Fig. 2: Life expectancy trend since 2020 (orange) with forecast (blue) with scatter band (one standard deviation). The forecast was generated with an ARIMA model (Auto Regressive Integrated Moving Average) from the reference period 2016-2020.
Annual values of life expectancy increased over decades, but the increase slowed over time (Fig. 3). Until 2020, the values lined up along the trend line like a pearl necklace, with some outliers always followed by a countermovement in the year after.
Fig. 3: Long-term development of life expectancy with trend line (blue) from the years 2000-2020 (blue)
The record value was reached in 2019, and so the slight decline in 2020 was almost inevitable in accordance with the rule established above. Completely out of the ordinary, however, are the crashes in 2021 and 2022. Two subsequent years below trend, and the second even lower than the first, must be classified as a historical anomaly.
The updated population figures show stronger immigration than in previous years. It was strongest in the 0-30 cohort, with about 3% compared to the figures obtained by updating the end-2021 population. All age cohorts were significantly over-mortalized in 2022, but persons below the age of about 35 had a noticeably higher risk ratio than all other cohorts in 2022 (Fig. 4).
Fig. 4: Risk ratios of the year 2022 compared to the expected value by age with 95% confidence intervals
Looking back at the three pandemic years 2020-2022, a serious contradiction to the mainstream Corona narrative becomes apparent. While 2020 was exactly on trend in terms of life expectancy, it plummeted in 2021 and sagged further in 2022. This is inconsistent with the view that the C19 death counts collected by PCR testing according to WHO protocol had any relevance to the overall death incidence. Over the course of these three years and the various C19 variants, case fatality had not increased but at best decreased. Thus, life expectancy should have declined most sharply in 2020 rather than later. In summary, the figures suggest a massive deterioration in general health, especially in 2022, but not in 2020. This general finding is flanked by numerous anomalies in the analysis of temporal and age-related references, which has already been elaborated in the earlier heatmap article.
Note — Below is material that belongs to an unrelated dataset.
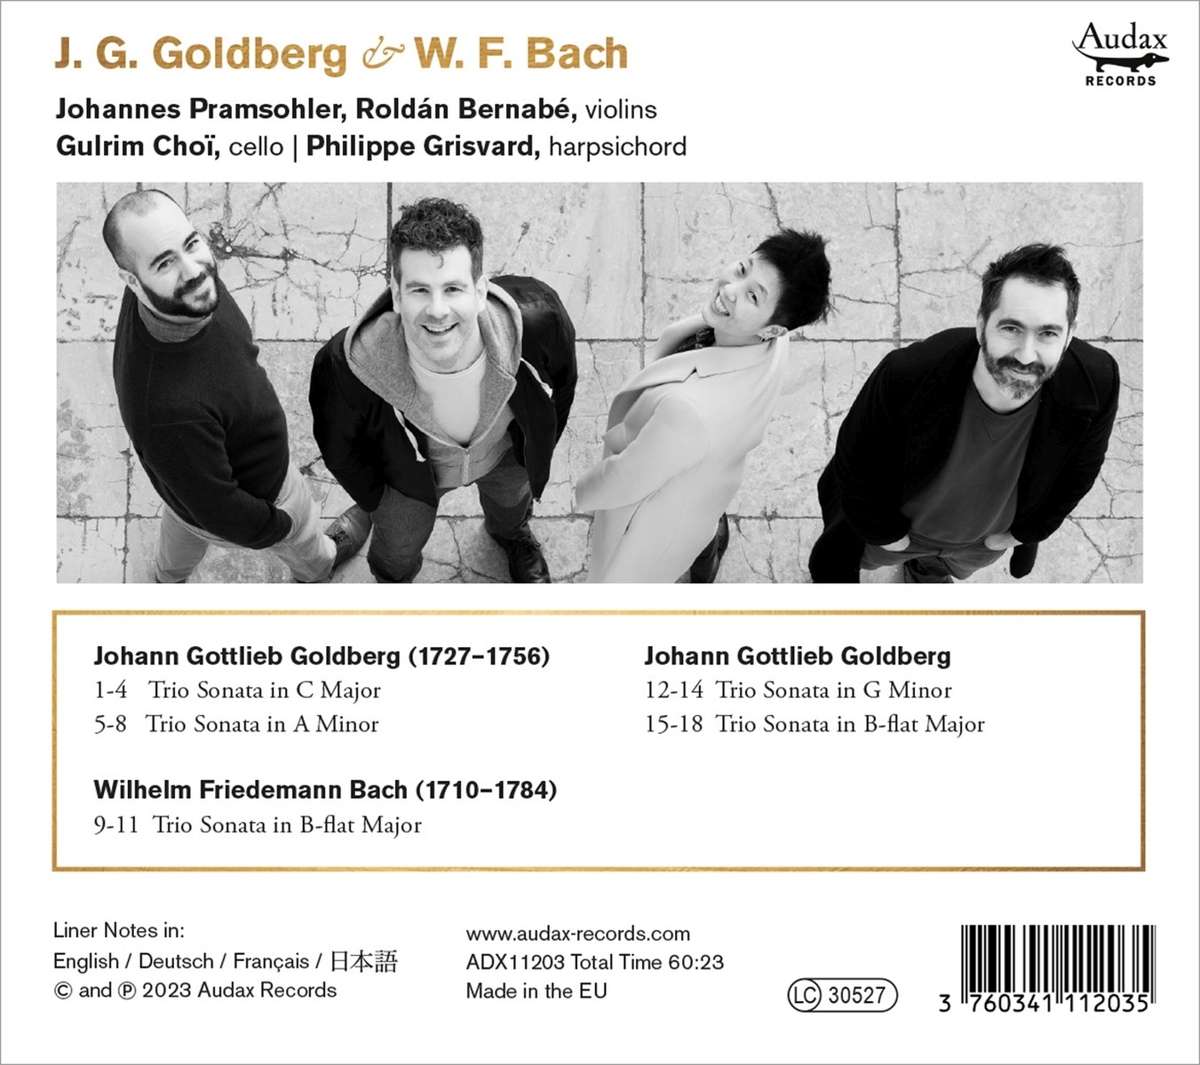 Ensemble Diderot 고틀리프: 골드베르크 변주곡, 트리오 소나타 / W.F. 바흐: 트리오 소나타 (J.G. Goldberg / W.F. Bach: Trio Sonatas)

In 2023, the mortality wave from the end of 2022 initially had an impact. In a countermovement, life expectancy rose above the expected values at the beginning of the year. This was followed by a decline due to a wave of influenza. Since then, the trends in death rates and life expectancy have meandered along the expected values. The wave motion described is similar to the trajectories in 2020 and 2021.
In this article, I would like to limit myself to provide clear results. You, dear reader, can draw your own conclusions from this.
We should now consider the NHS as terrorists, the killing arm of the WHO terrorist organization.